Good outcomes are built long before the moment of truth
Reviewing Critical-force Incidents
Across the country, the review of police deadly force is moving beyond the old question of whether an officer faced danger at the precise instant force was used. California has already codified that movement. Penal Code section 835a now states that deadly force should be used only when necessary, in defense of human life, and officers are expected to consider available resources and techniques when reasonably safe and feasible.
The courts are moving in the same direction. In Barnes v. Felix, the United States Supreme Court rejected the narrow “moment of threat” rule, holding that Fourth Amendment force reviews must consider the totality of the circumstances, including relevant events leading up to the use of force. California reached a similar destination under state negligence law in Hayes v. County of San Diego, where the California Supreme Court held that liability may arise from tactical conduct and decisions preceding deadly force if, under the totality of the circumstances, those decisions made the use of force unreasonable.
That does not mean every bad outcome is proof of bad tactics. It does mean reviewers should resist the old habit of looking only at the final seconds.
The Los Angeles Police Department’s Command and Control training bulletin offers a practical way to conduct that broader review. The bulletin defines Command and Control as active leadership used to direct personnel, coordinate resources, accomplish tasks, and minimize risk. It also identifies PATROL as a tool for establishing Command and Control: Planning, Assessment, Time, Redeployment and/or Containment, Other Resources, and Lines of Communication.
Planning asks a basic question: did anyone take charge? In a critical incident, planning may be imperfect and compressed. Nobody should expect a field officer to produce a conference-room strategy while a person is armed, unstable, or violent. But there still needs to be direction. Who identified the problem? Who assigned roles? Who decided whether officers should hold, move, contain, communicate, evacuate, or deploy less-lethal options? A scene full of officers is not the same thing as a managed response.
Assessment requires reviewers to look at what officers knew, what they reasonably perceived, and what they should have been processing as the incident unfolded. Was the subject armed? Was the weapon being used against others, displayed, concealed, or merely reported? Were there victims nearby? Was the person suicidal, assaultive, fleeing, barricaded, or confused? Were officers dealing with a static problem or a rapidly deteriorating one? Good assessment is not hindsight. It is disciplined attention to the facts available at the time.
Time may be the most misunderstood factor. Time is valuable when it exists. It allows officers to slow the pace, create distance, bring in supervision, establish communication, deploy less-lethal tools, and reduce confusion. But time is not always available. A suspect actively stabbing someone, pointing a firearm, or closing distance with a deadly weapon can collapse decision-making into seconds. The fair question is not, “Could officers have waited?” The better question is, “Was time reasonably available, and if so, did officers use it to reduce the need for force?”

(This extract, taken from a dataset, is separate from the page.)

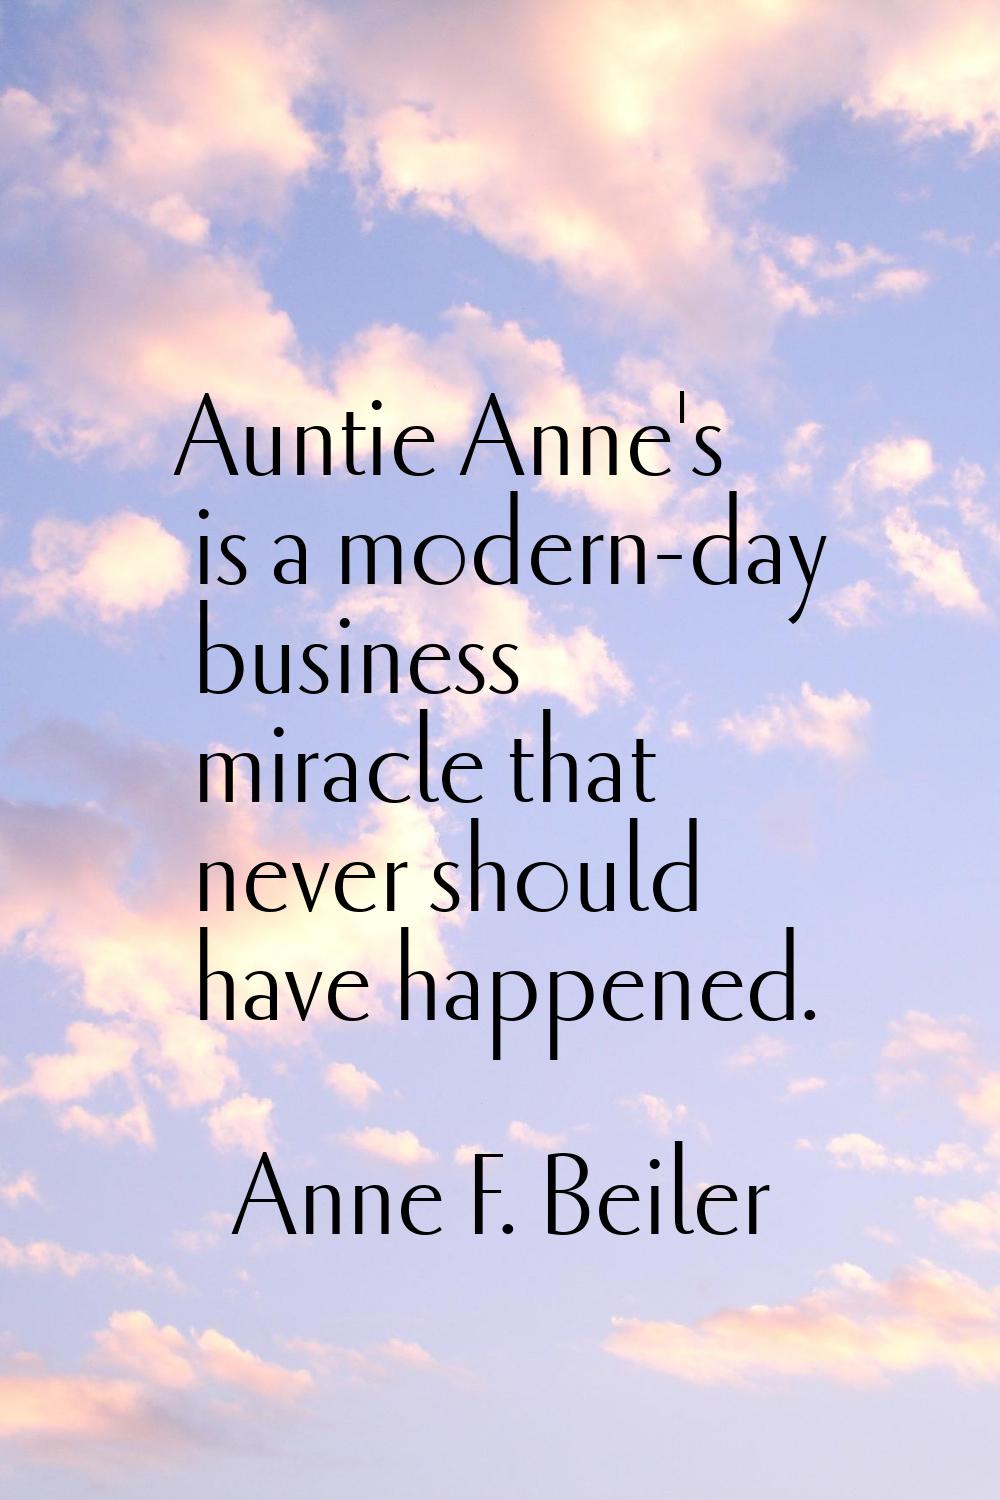 Auntie Anne's is a modern-day business miracle that never should have happened.

Redeployment and containment focus on officer positioning. Did officers move to cover? Did they create distance? Did they avoid crowding the subject? Did they contain movement and protect the public? Poor positioning can manufacture urgency. Better positioning can lower the temperature. It can also reduce the number of officers who believe they must use deadly force at the same time.

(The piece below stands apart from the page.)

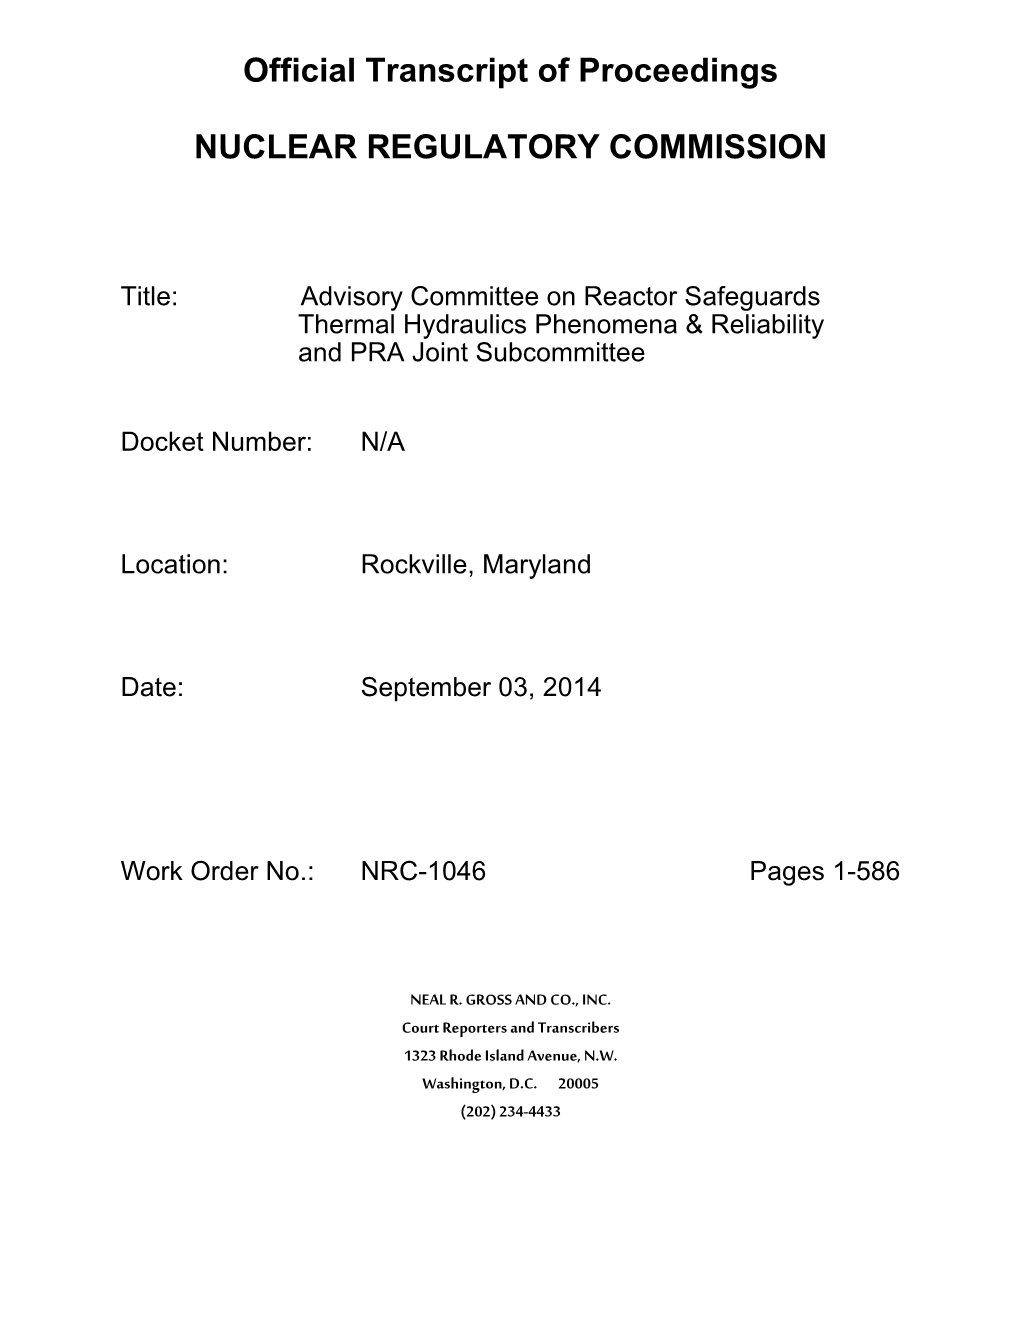 Transcript of the Advisory Committee on Reactor Safeguards Thermal

Other resources asks whether officers considered the tools and personnel available to them. That may include less-lethal options, shields, K-9, air support, crisis negotiators, mental health teams, additional supervisors, medical personnel, or specialized units. But resources are not magic either. They must be feasible, timely, and relevant. Calling for a resource that cannot arrive in time may look good in a report, but it may not change the reality on the ground. By contrast, when a resource is reasonably foreseeable, available, and important to a planned event, failing to secure it may be a legitimate basis for critique.
Lines of communication are often where incidents succeed or fail. Command does not begin when a supervisor arrives; it begins when someone on scene takes responsibility for organizing the response. Even in a two-officer patrol car, one officer needs to function as the lead voice. In single-officer deployments, the first officer with sufficient situational awareness — whether the primary officer or the senior officer present — should clearly establish who is managing the incident until relieved. Was one officer giving commands, or were several officers shouting different orders? Did responding units know who was in command? Were assignments clear? Was the radio traffic useful? Were officers communicating with the subject in a way that helped, or were they adding noise?
PATROL does not turn force review into a search for perfection. Police officers still face dangerous, unstable, and fast-moving events. Some uses of deadly force are necessary despite sound tactics.
But PATROL does force the right questions. Was there leadership? Was there assessment? Was time used when available? Were officers positioned wisely? Were resources considered? Were communications clear?
That is the proper direction of modern police force review. Good outcomes are built long before the moment of truth.